Opening in bravura fashion, first on the flickering silent film theatrics of Olga and Maksakov (Yuri Bogatyryov), which is suddenly stopped, the harsh lights flying open, as scary military figures roughly horde the subservient film crowd out, find the cinema owner they’re looking for, then callously smash his face into a store window pane, before brutally hoisting him like a piece of meat into the back of their military truck then, with a final disdainful yell of ‘Sheep!’ at the cowed on-lookers by the head official, drive off, the narrative then slows a bit, taking on a seemingly more casual, even occasionally comedic, wistful approach, taking its time in introducing the plight of the colorful cast of oddballs trying to remain (indulgently) pure within their art form (or just indulgent, in the case of the childish Olga).
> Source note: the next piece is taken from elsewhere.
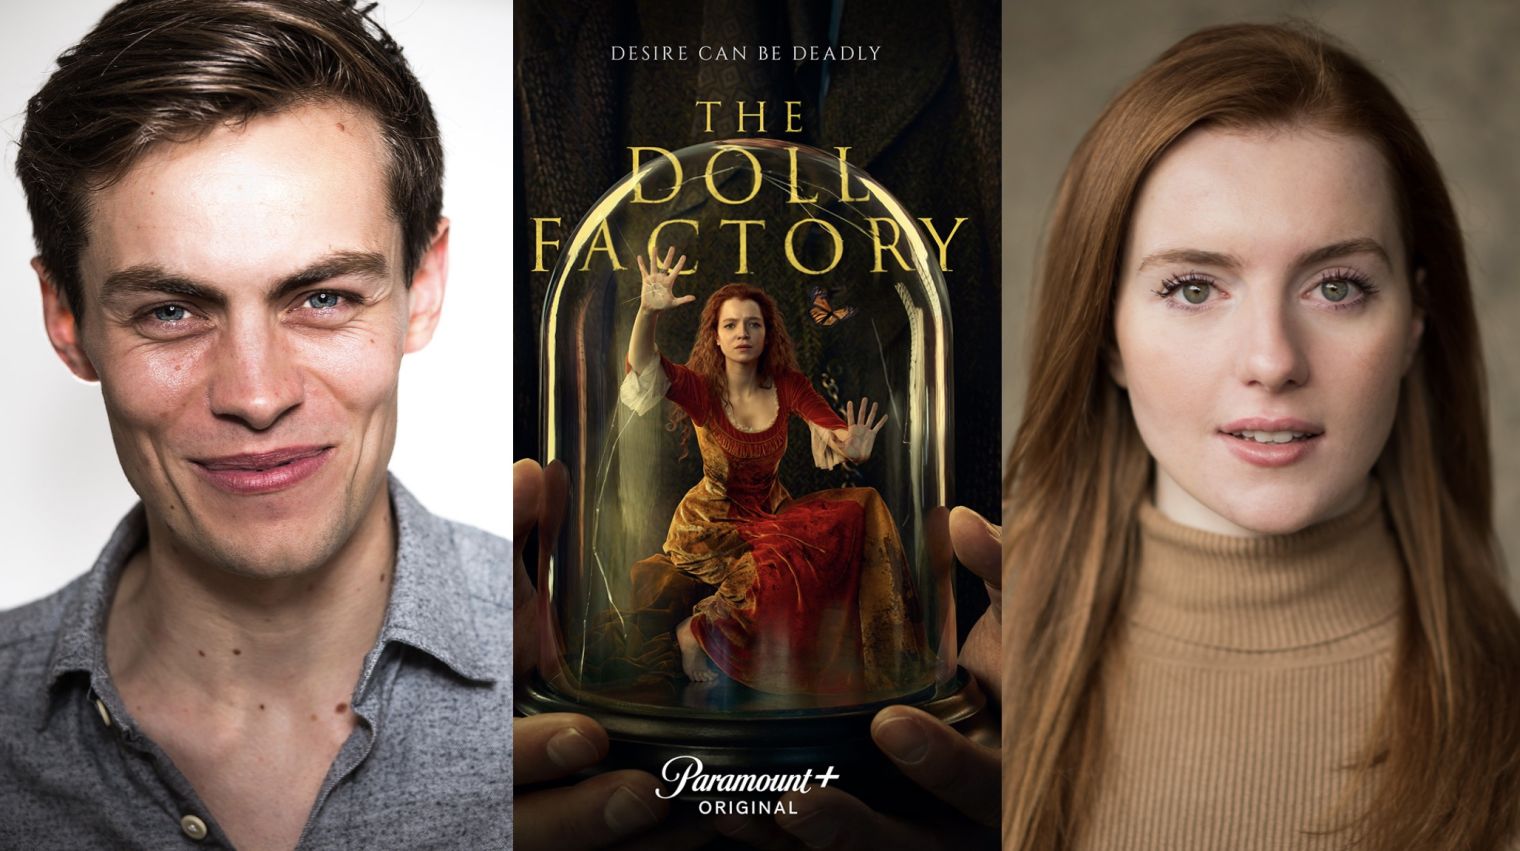  See Freddy Carter and Hannah Onslow in 'The Doll Factory' which premieres on Paramount+ today

But as the situation becomes clearer, with violent revolution exploding about them (including the on-going termination of all Russian mainstream cinema production as subversive), and the menacing figure of the Russian State Chief Fedov (Konstantin Grigorev) hovering as well, who should be shutting down the production but, like the entire populace (including the uprising Bolsheviks themselves), is so smitten by the actress he allows it to continue… while always holding the threat of arrest and perhaps worse over them all, danger is encircling them… and remaining outside of the political reality is impossible.

Following the troupe, with its overweight director ever bickering with his producer comrade, and its slowly politically awakening lead actress (whose initial claims of wanting to be more than just a movie star is mere diva posturing… until she finds herself slowly intrigued by Victor’s daring acts of revolution, then thrilled by actually taking part in dangerously hiding illegal war film the cameraman has shot), there are enough hints of Bob Fosse’s Cabaret, from a different culture basis naturally, that the two films would make a nice double feature… with, not surprisingly, the Russian film ending on a more hopeful note (because the revolutionaries – i.e., the Lenin Commies — won!).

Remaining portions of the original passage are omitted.